__Record set__
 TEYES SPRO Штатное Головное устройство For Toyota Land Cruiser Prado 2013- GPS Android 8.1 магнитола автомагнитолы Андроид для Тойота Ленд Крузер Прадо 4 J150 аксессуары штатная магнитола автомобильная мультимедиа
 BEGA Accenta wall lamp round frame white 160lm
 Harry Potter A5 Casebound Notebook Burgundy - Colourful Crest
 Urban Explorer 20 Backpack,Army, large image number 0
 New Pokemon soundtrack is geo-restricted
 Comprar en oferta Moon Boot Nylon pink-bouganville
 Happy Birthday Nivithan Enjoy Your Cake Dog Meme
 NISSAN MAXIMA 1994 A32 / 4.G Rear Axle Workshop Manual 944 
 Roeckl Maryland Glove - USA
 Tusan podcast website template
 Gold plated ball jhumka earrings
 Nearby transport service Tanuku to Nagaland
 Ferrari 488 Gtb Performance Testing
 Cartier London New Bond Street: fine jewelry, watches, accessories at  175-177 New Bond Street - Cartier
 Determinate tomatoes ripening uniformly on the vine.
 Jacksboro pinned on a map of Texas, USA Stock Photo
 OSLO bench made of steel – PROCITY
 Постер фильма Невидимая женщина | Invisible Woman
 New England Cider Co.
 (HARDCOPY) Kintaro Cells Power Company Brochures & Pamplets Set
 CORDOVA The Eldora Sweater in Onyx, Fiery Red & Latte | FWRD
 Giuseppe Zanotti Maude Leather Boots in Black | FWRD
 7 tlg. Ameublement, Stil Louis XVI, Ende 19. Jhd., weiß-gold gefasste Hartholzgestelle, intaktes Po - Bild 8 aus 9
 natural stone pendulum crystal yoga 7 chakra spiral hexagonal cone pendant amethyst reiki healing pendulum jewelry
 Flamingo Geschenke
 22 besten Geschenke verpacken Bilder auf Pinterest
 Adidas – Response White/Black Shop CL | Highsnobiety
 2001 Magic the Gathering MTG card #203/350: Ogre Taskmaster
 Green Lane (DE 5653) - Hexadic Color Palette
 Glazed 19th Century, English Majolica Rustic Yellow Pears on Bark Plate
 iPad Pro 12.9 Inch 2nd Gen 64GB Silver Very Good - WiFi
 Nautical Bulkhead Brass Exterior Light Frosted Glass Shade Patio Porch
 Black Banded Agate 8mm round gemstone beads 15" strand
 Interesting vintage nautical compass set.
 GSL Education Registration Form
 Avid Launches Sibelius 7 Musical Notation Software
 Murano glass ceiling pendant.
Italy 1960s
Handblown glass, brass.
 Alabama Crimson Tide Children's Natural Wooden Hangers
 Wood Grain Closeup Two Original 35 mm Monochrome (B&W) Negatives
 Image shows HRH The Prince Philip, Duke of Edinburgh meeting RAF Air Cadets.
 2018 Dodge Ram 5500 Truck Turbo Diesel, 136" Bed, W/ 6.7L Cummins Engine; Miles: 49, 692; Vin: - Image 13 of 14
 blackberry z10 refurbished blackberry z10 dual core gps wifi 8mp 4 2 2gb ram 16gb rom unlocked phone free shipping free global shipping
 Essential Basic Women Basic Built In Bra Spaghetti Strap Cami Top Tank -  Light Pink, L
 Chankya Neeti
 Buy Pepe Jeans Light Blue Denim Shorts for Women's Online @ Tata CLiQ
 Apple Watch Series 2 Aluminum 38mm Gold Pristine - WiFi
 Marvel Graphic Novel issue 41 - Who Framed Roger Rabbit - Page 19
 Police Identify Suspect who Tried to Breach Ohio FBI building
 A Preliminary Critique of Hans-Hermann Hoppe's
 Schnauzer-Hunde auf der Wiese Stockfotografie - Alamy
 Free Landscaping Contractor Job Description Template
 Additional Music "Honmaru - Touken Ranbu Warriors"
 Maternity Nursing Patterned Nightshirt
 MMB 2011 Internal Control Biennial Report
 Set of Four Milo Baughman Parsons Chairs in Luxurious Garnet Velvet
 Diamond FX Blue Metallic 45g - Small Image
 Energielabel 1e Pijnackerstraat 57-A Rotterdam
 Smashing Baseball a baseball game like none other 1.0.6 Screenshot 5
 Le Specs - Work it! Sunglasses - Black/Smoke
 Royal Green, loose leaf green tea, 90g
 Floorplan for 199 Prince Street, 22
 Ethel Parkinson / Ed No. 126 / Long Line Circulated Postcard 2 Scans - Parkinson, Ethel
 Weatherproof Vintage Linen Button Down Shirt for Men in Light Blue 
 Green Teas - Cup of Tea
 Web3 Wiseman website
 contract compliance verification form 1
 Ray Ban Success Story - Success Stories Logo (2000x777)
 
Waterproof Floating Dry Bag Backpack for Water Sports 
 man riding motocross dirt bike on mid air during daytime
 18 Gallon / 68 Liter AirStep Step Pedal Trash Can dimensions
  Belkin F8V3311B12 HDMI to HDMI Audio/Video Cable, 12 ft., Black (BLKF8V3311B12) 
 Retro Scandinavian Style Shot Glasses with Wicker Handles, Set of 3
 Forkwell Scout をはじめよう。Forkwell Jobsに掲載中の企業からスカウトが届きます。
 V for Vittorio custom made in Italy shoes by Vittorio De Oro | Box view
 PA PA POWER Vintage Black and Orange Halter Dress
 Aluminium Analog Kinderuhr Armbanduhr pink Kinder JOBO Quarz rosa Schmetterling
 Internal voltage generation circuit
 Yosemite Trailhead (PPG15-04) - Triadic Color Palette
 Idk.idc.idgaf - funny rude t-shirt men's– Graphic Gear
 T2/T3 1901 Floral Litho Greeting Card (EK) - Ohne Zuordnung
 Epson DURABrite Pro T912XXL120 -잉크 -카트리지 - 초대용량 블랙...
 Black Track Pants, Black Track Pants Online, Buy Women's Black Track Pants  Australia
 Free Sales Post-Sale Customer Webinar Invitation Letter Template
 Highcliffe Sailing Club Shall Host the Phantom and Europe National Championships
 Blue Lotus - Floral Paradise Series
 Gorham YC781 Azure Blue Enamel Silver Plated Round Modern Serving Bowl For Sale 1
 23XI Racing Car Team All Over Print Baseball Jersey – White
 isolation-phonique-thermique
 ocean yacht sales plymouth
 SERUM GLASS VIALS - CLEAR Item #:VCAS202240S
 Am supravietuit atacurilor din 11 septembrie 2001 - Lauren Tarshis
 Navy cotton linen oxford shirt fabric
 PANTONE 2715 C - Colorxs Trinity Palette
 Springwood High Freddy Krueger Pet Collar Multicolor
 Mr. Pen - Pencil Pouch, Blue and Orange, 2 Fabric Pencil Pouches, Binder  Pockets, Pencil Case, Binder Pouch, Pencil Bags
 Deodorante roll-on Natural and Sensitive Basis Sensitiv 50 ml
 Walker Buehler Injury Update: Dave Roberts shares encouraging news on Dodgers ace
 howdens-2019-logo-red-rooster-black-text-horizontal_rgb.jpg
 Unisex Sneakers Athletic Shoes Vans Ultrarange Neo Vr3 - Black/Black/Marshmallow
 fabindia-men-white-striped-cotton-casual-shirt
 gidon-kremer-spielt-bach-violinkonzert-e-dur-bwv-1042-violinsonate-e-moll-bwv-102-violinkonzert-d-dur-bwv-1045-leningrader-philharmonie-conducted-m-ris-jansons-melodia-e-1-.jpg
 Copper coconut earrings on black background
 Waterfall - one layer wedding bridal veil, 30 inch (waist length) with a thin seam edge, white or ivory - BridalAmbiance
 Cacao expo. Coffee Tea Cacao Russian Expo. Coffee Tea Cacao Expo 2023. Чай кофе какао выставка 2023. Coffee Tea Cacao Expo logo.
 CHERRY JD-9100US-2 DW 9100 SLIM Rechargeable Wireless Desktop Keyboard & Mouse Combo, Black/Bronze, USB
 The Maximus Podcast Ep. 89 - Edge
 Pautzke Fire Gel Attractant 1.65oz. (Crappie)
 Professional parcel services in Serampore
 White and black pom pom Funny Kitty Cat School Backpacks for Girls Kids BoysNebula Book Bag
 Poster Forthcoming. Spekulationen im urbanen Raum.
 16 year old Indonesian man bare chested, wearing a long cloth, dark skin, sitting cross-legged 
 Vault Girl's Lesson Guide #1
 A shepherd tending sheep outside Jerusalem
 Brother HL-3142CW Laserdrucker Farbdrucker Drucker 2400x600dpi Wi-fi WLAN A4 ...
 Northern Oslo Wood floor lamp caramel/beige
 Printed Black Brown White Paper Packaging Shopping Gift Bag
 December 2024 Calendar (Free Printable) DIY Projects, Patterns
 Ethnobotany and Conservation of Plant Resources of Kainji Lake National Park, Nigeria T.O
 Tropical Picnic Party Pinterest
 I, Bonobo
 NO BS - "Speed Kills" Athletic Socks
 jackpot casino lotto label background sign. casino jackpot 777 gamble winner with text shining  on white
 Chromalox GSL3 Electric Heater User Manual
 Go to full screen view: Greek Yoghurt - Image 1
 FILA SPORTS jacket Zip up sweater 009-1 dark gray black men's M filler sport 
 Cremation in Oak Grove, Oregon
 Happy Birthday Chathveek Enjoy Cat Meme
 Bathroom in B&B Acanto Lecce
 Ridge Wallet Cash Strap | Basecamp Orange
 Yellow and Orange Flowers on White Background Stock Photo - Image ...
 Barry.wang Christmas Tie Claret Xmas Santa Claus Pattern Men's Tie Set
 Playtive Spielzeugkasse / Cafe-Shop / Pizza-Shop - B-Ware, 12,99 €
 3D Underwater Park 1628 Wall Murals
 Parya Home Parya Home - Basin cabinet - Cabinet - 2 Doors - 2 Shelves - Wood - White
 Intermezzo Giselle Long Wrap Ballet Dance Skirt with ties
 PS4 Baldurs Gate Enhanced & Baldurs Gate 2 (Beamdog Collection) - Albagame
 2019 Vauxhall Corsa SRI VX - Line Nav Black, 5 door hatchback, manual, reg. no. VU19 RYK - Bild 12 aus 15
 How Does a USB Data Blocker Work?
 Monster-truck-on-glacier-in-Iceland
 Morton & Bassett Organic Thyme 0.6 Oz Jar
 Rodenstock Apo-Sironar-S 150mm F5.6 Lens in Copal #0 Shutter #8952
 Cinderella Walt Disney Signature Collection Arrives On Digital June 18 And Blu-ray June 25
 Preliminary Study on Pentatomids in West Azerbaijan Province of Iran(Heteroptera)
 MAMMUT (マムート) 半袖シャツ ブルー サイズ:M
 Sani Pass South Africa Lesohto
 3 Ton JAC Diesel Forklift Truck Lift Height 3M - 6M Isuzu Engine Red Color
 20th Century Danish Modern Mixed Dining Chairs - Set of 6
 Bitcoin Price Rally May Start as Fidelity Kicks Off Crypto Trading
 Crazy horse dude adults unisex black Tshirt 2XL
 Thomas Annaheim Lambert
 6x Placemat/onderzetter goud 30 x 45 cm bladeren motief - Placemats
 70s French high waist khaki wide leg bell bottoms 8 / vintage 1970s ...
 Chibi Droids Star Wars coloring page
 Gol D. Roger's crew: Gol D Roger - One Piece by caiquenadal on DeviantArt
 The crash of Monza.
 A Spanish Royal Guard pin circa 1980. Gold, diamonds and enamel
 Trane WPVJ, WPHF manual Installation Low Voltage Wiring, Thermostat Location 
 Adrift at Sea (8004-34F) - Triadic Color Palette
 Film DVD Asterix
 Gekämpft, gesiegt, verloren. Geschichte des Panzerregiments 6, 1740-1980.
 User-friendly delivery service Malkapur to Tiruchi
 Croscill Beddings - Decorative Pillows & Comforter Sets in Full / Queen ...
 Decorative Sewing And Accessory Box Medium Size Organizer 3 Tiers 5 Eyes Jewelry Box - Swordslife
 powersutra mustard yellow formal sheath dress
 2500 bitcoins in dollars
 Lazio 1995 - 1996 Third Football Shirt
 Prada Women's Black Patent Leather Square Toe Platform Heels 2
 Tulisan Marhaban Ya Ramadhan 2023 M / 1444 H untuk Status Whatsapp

__Try it__
One inclusive range is required: first line of the data through the line containing "Ferrari 488 Gtb Performance Testing". Set it down exactly and output nothing else.

__Exercise answer__
 TEYES SPRO Штатное Головное устройство For Toyota Land Cruiser Prado 2013- GPS Android 8.1 магнитола автомагнитолы Андроид для Тойота Ленд Крузер Прадо 4 J150 аксессуары штатная магнитола автомобильная мультимедиа
 BEGA Accenta wall lamp round frame white 160lm
 Harry Potter A5 Casebound Notebook Burgundy - Colourful Crest
 Urban Explorer 20 Backpack,Army, large image number 0
 New Pokemon soundtrack is geo-restricted
 Comprar en oferta Moon Boot Nylon pink-bouganville
 Happy Birthday Nivithan Enjoy Your Cake Dog Meme
 NISSAN MAXIMA 1994 A32 / 4.G Rear Axle Workshop Manual 944 
 Roeckl Maryland Glove - USA
 Tusan podcast website template
 Gold plated ball jhumka earrings
 Nearby transport service Tanuku to Nagaland
 Ferrari 488 Gtb Performance Testing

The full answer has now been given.